After her successful stint abroad, Janaki returned to India and was appointed as the officer on special duty to the Botanical Survey of India (BSI) on a personal invitation from the then prime minister Jawaharlal Nehru in 1951. She was to reorganize the BSI and improve the botanical base of Indian agriculture in this role. Janaki continued to serve the Government of India in various capacities including heading the Central Botanical Laboratory at Allahabad and Officer on Special duty at the Regional Research Laboratory in Jammu and Kashmir. She briefly worked at BARC, Trombay and then joined as an Emeritus Scientist at the University of Madras. She continued working on different genera including Datura, Mentha, Solanum, Cymbopogon, Dioscorea and published the original findings of her research focusing on medicinal plants and ethnobotany. Though cytology was Janaki’s expertise, her career encompassed genetics, evolution, phytogeography and ethnobotany. She was an advocate of the environment and protested against the building of a hydro-power plant on the river Kunthipuzha, in Kerala that would have submerged the forests.

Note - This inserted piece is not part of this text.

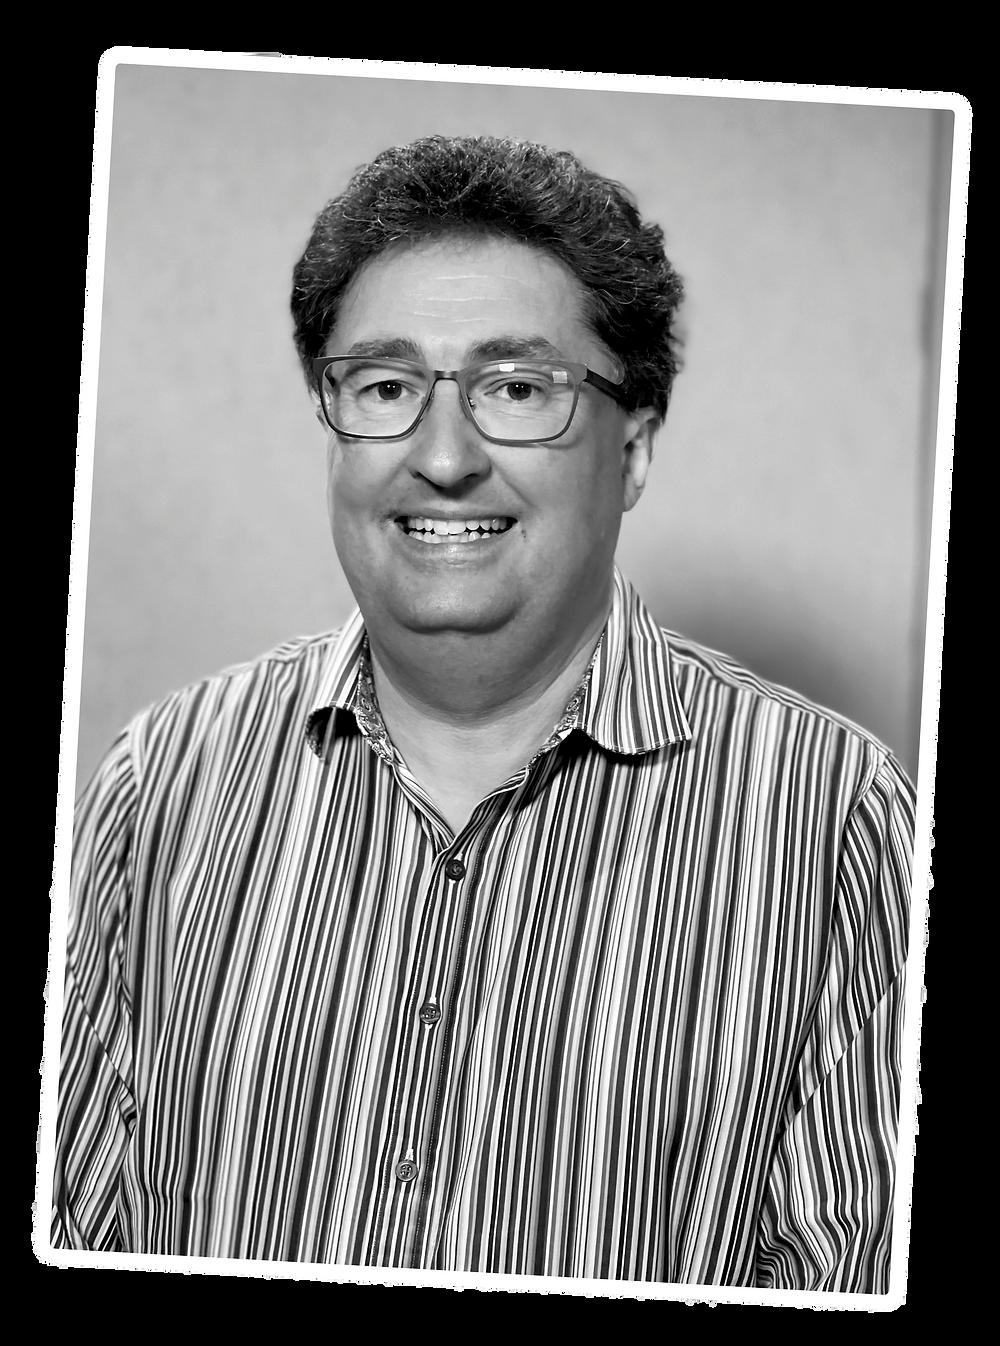 Mike Wroe, JL Live & JL Lighting Chairman
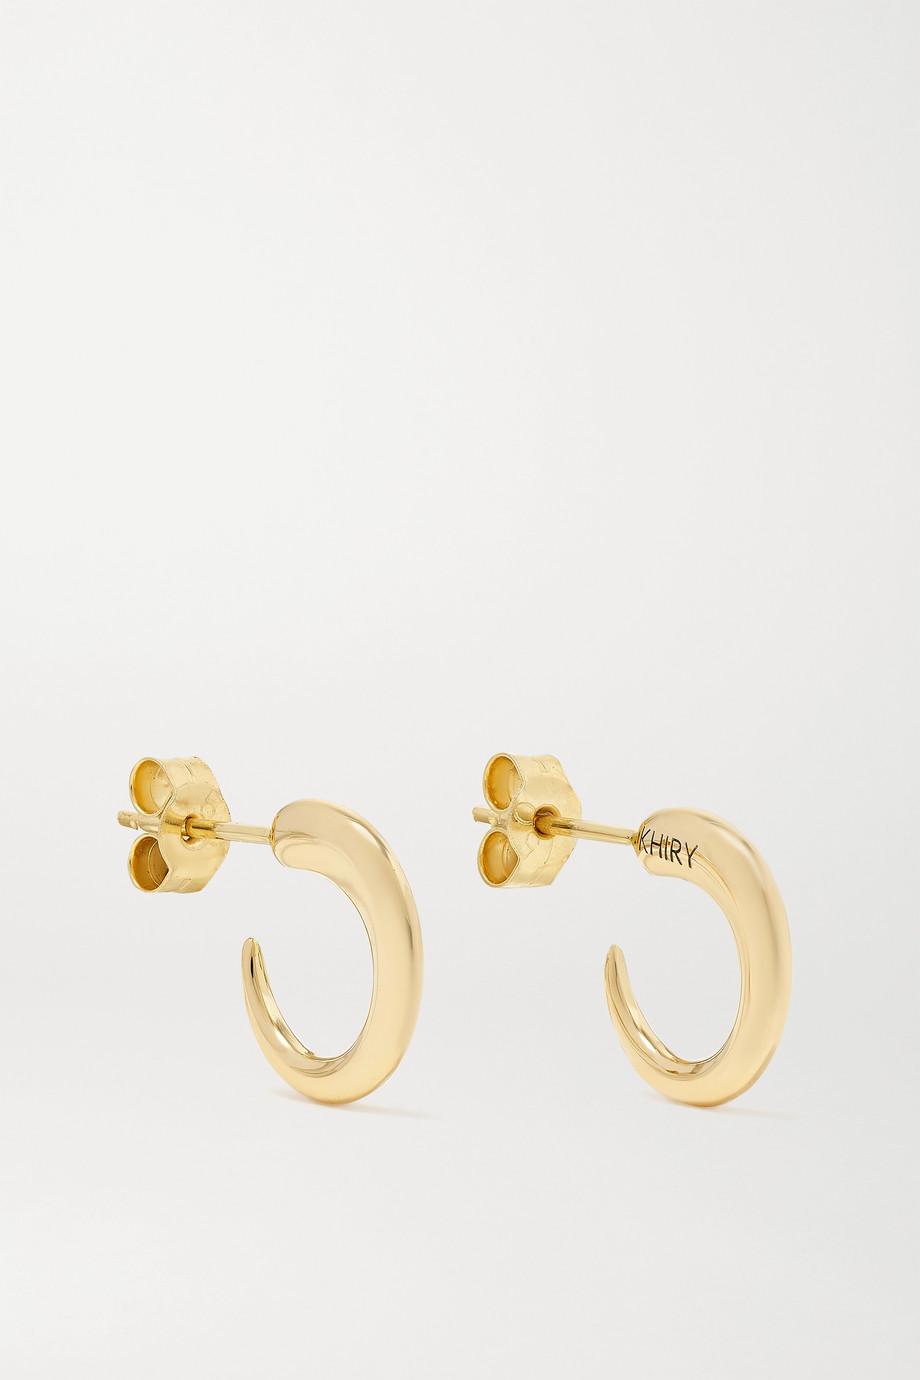 KHIRY Fine Boucles d'oreilles en or 18 carats Khartoum Tiny

For her exemplary contribution to science in India, Dr Janaki Ammal was awarded the Padma Shri by the Government of India in 1977. There is a herbarium with over 25000 plant species in Jammutawi named after Janaki Ammal. The John Innes Centre in England chose to honor Janaki by launching a new scholarship for post-graduate students from developing countries in her name. Two Indian plant breeders developed a new rose variety named E.K. Janaki Ammal as a tribute to her. In spite of her great achievements and the honors bestowed upon her, the name Janaki Ammal seems lost in the pages of history books; her work nevertheless survives. Janaki Ammal remains an extraordinary woman ahead of her times who broke gender, caste, and social barriers and led the way for others to follow.